That’s the difference between being a West Coast artist and a European. A European artist really believed in himself as part of the historical tradition, that archive…Obviously, you think what you do is important, or you wouldn’t be pursuing it with the kind of intensity you do. But the minute I start thinking about making gestures about my historical role, I mean, I can’t do it, I have to start laughing, because there’s a certain humor in that.
It has taken me a long time to realize I don’t have to make art that engages with the artistic canon. Growing up it was natural to go to the museum and draw the statues. College was more of the same. Your work wasn’t anything if you didn’t know what came before you, if you didn’t know what everyone else was up to, if you weren’t reading the theory. That made a lot of sense to me, so I sunk into the history of art and writing about it. I engaged in ‘the discourse’. But, I think in the end it starved my projects of life. I made work that seemed ‘right’ and ‘good’, but burned out on it. I found that while I took great joy in fabricating the work, the pieces were somehow dead.
I stopped making things for a while after that. And I started to think that maybe I didn’t have it in me to be an artist, or a creator, or whatever it is that we do. That thought made me sad, but it passed. Eventually though, I realized that not making things was making me, not unhappy, but numb.
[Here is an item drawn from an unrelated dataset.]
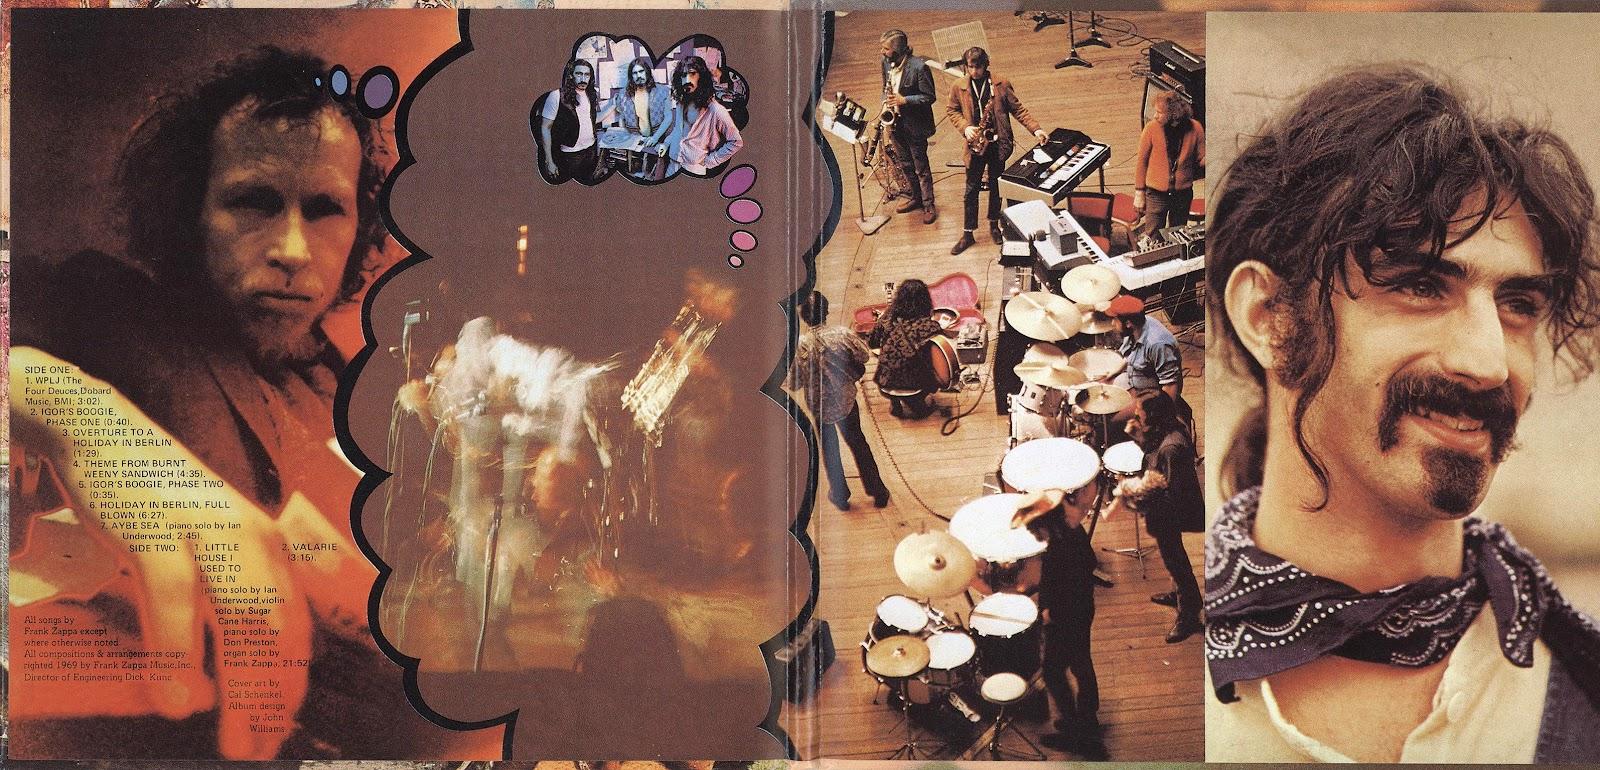 Frank Zappa – Burnt Weeny Sandwich (Zappa Records/Universal) CD REVIEW

So now I try and make things again. But I try to keep a blind eye to ‘the discourse’ and ‘the canon’ (at least, compared to before, I can’t seem to stop loving to argue about art). I’m trying to focus on things that are fun, or funny. Things that will help people I can see around me in my neighborhood, or people I know. It feels so much better to think of every object as an iteration or experiment and to be free of any place in history or expectation of it.